A preliminary report from the fatal crash of a Boeing 737 Max in which 157 people died in Ethiopia will be released on Monday, the foreign ministry said.
"The Ethiopia Ministry of Transport will give a preliminary report into its investigation of the ET 302 plane crash later on Monday," said Nebiat Getachew, Ethiopia's Ministry of Foreign Affairs spokesman.
No details were provided about exactly when the report would be released, or what it might contain.
The Boeing 737 MAX 8, operated by Ethiopian Airlines, crashed on March 10, southeast of Addis Ababa.
Families in 35 nations were left bereaved when the plane went down just minutes after takeoff from the highland capital on a flight south to neighbouring Kenya, and nose-dived into a field.

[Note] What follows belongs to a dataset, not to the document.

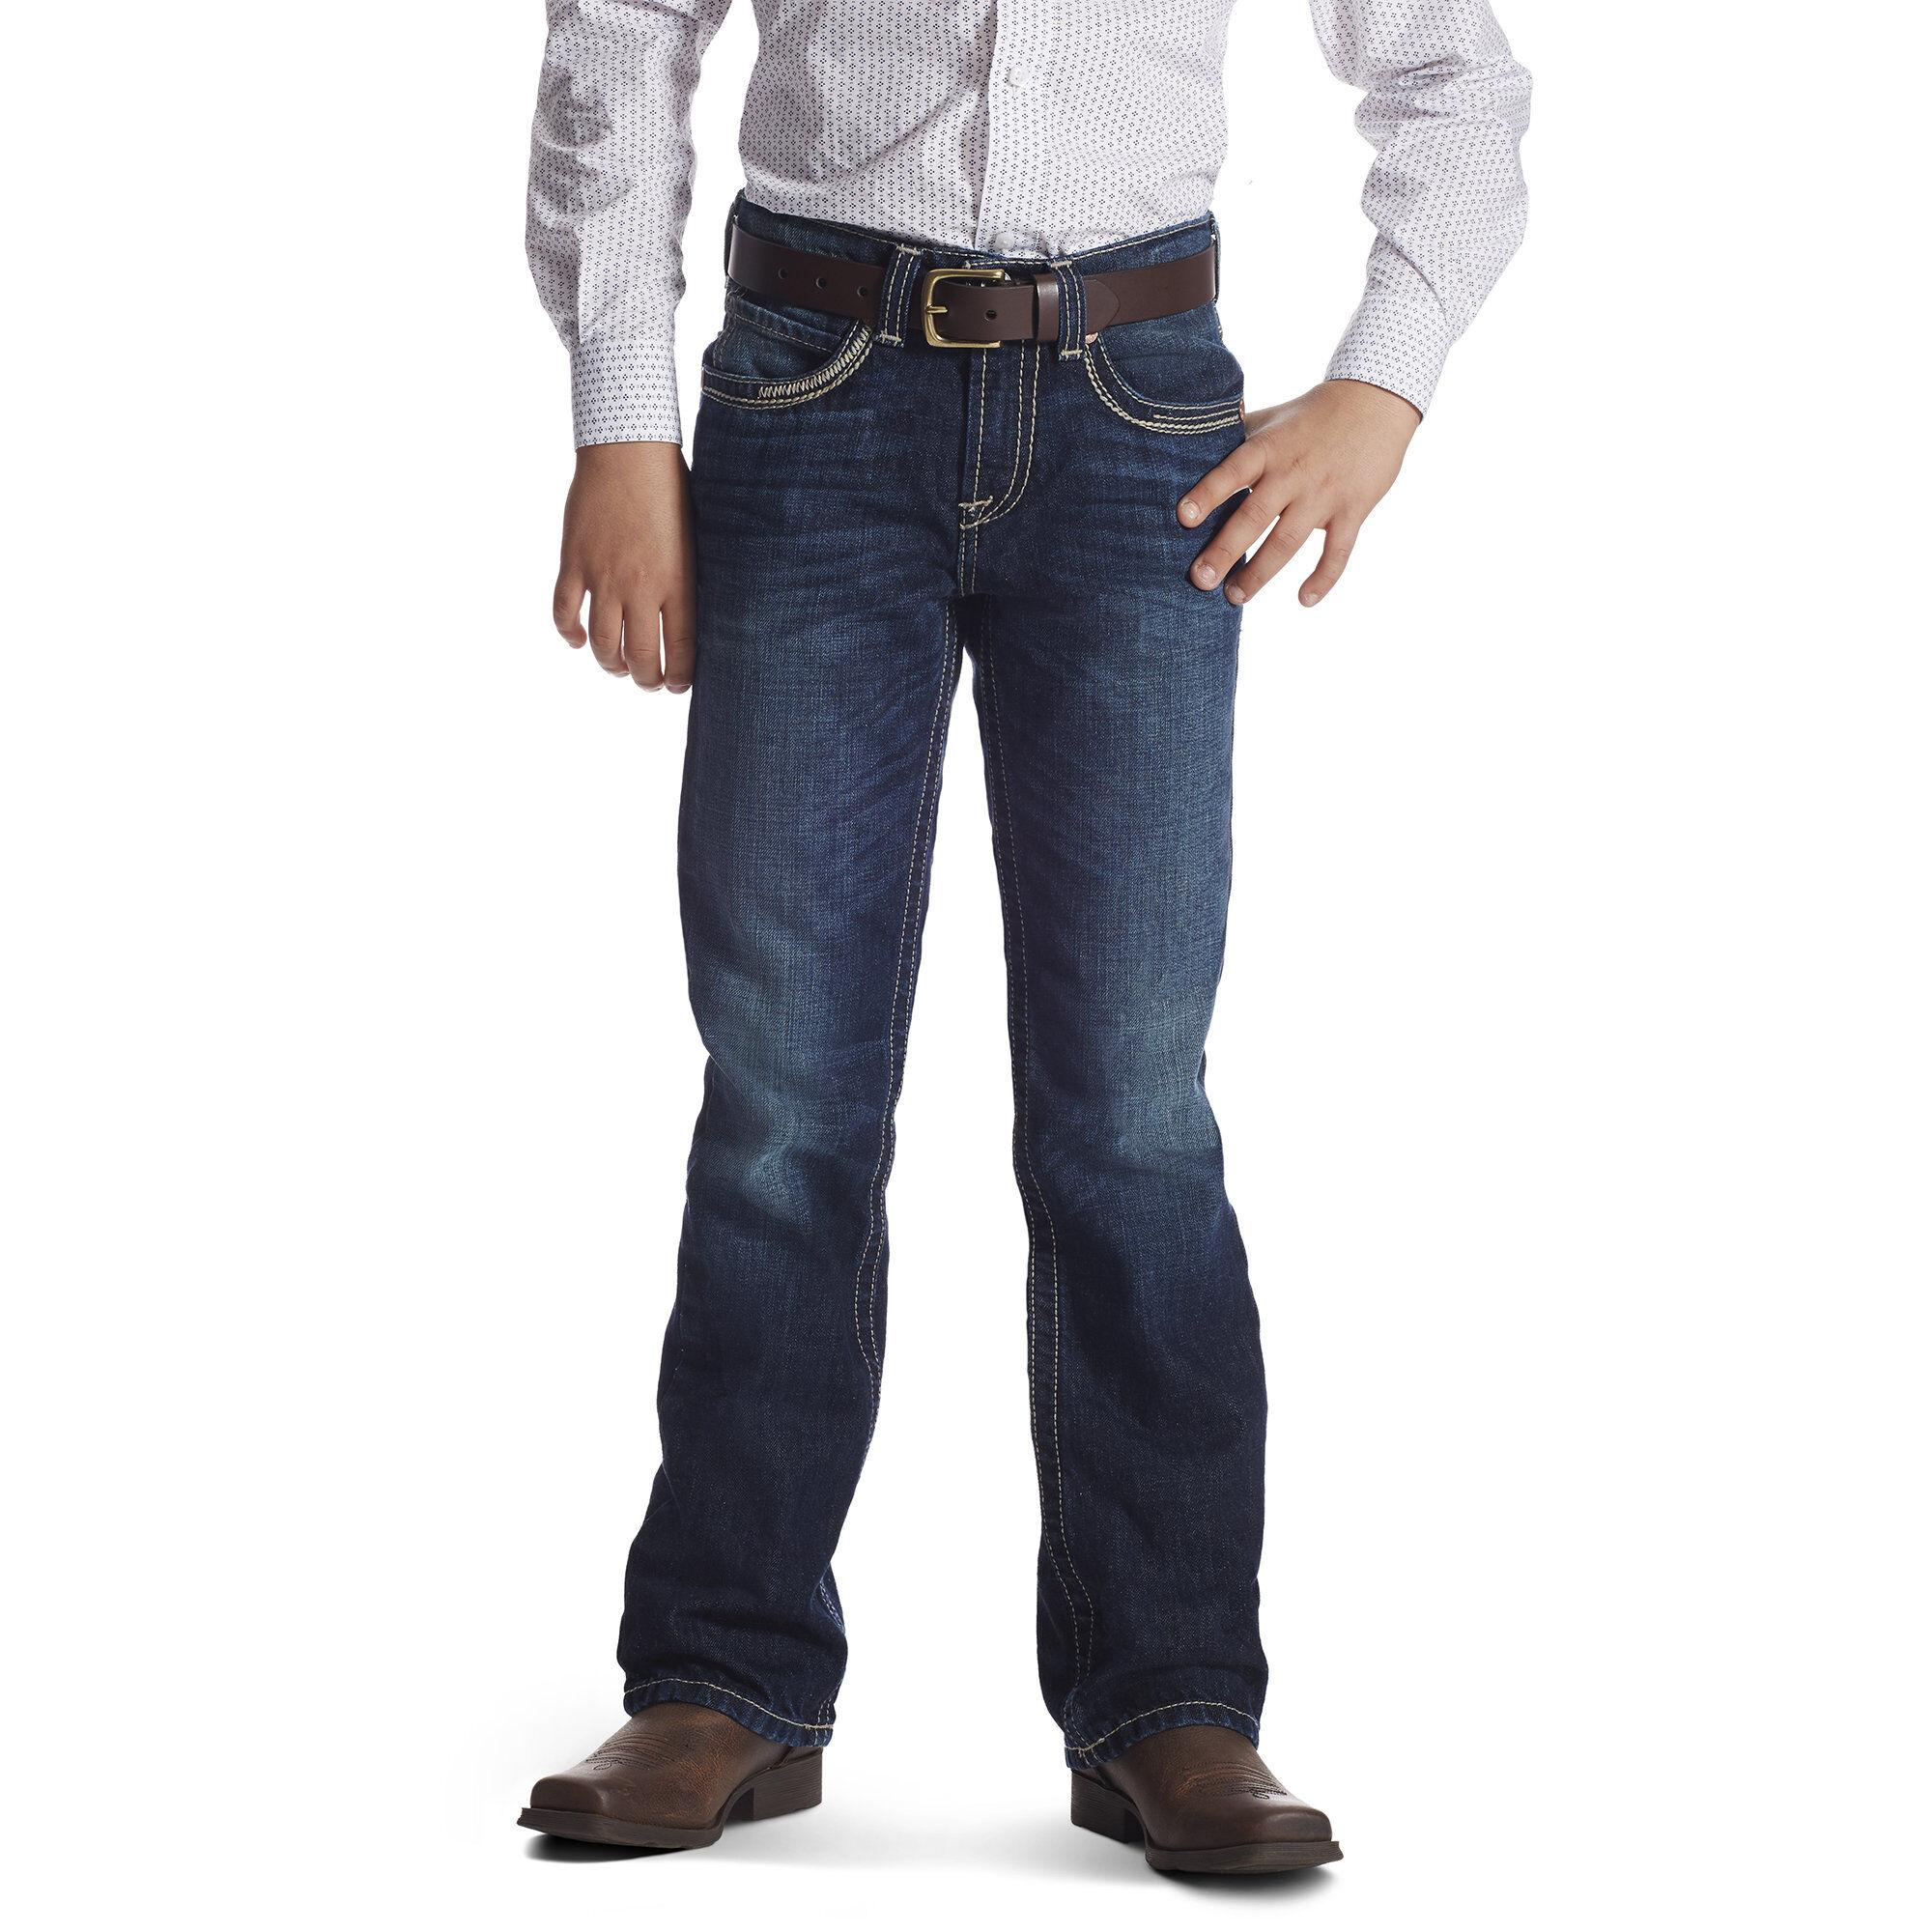 B4 Relaxed Ridgeline Boot Cut Jean

A source with knowledge of the investigation has said an anti-stall system, the Maneuvering Characteristics Augmentation System (MCAS), was activated shortly before the crash.
Boeing designed the MCAS system, which lowers the aircraft's nose if it detects a stall or loss of airspeed.
However, the same MCAS system was implicated in the October crash of a 737 MAX 8 airliner off Indonesia which left 189 people dead.
In the Indonesia crash, initial investigations found problems with the MCAS system, when sensors of the plane's flight details sent wrong information.
The pilot had tried repeatedly to regain control and pull the nose up but the plane smashed into the sea.
Aside from the tragedies of all the casualties, the two crashes have been major blows to aviation giant Boeing, triggering the US manufacturer's biggest crisis in decades with the MAX 8 model grounded worldwide.
Ethiopian Airlines is Africa's largest carrier and in many ways the international face of the nation.